* **Given records**:
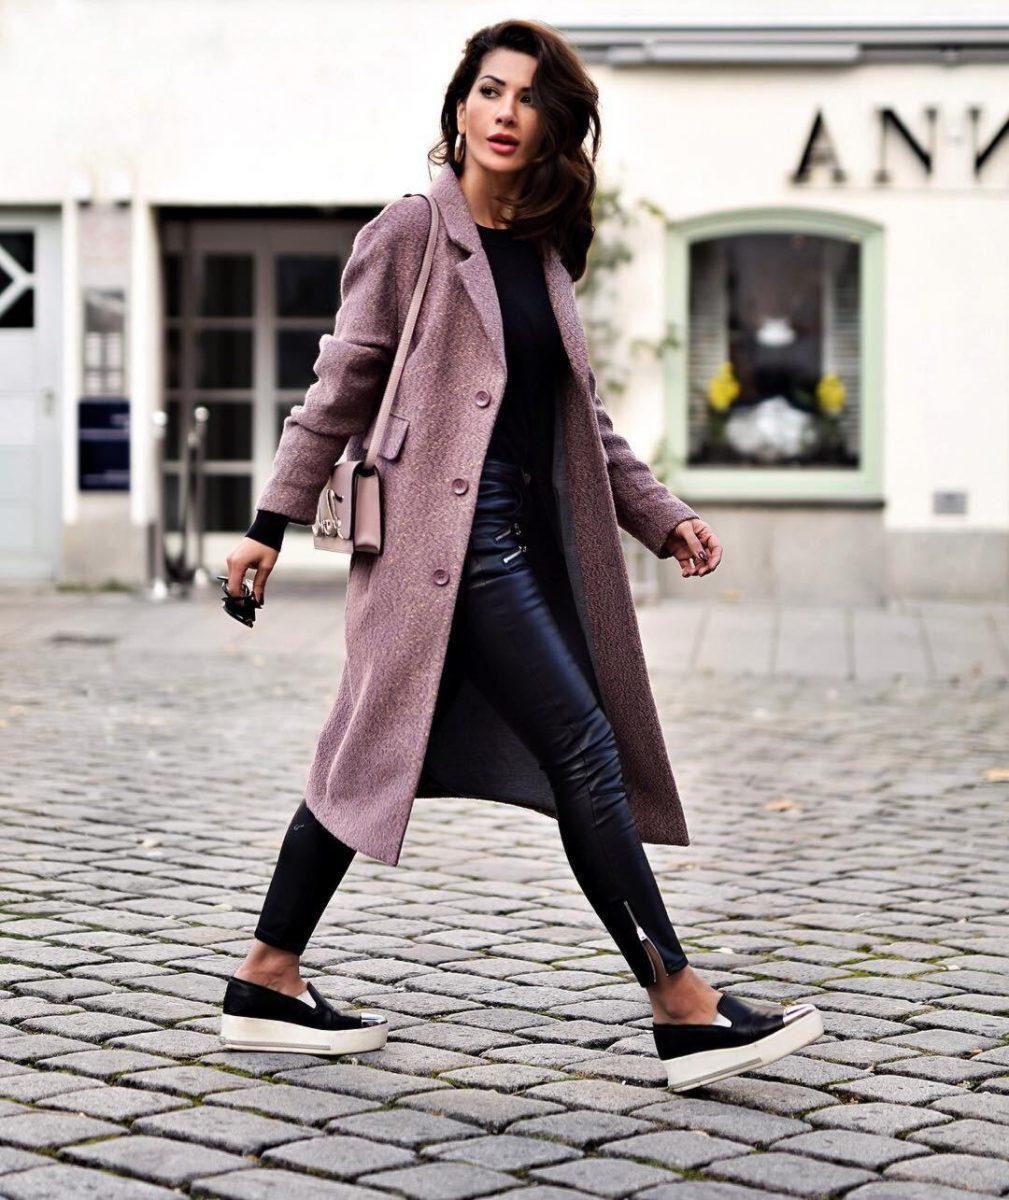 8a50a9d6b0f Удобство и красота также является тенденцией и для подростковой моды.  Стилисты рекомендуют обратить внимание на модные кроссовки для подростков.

...

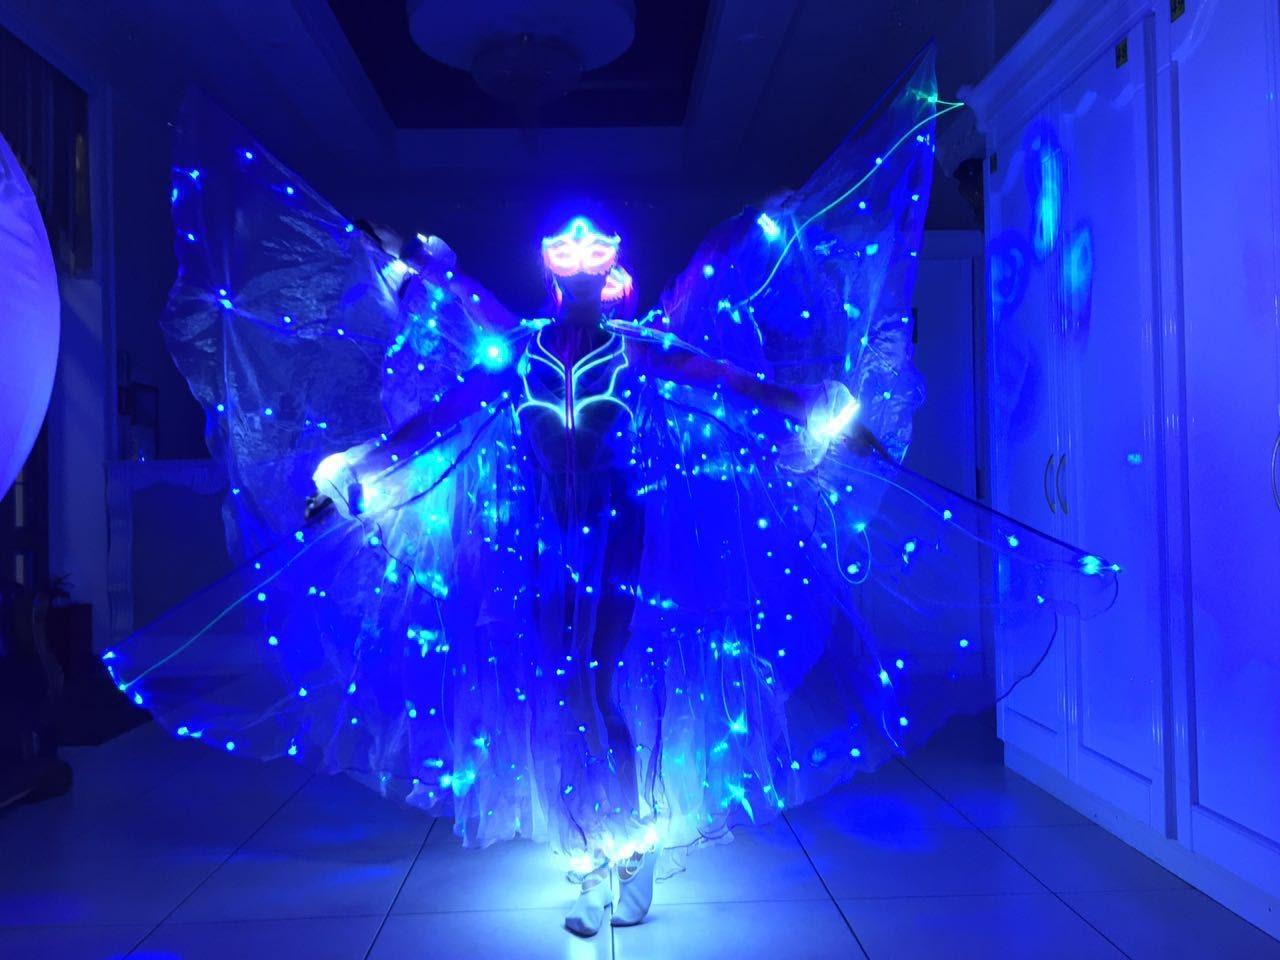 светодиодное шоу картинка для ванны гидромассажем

==

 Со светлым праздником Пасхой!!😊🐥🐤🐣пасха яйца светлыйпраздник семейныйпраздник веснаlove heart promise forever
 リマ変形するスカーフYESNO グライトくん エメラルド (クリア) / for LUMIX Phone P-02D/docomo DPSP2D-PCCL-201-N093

* **Problem to work on**: Take the stretch of lines above from the one containing "Со светлым праздником" through the one containing "リマ変形するスカーフYESNO グライトくん エメラルド" and repeat it exactly, adding no other line.

* **Solution to this exercise**:
 Со светлым праздником Пасхой!!😊🐥🐤🐣пасха яйца светлыйпраздник семейныйпраздник веснаlove heart promise forever
 リマ変形するスカーフYESNO グライトくん エメラルド (クリア) / for LUMIX Phone P-02D/docomo DPSP2D-PCCL-201-N093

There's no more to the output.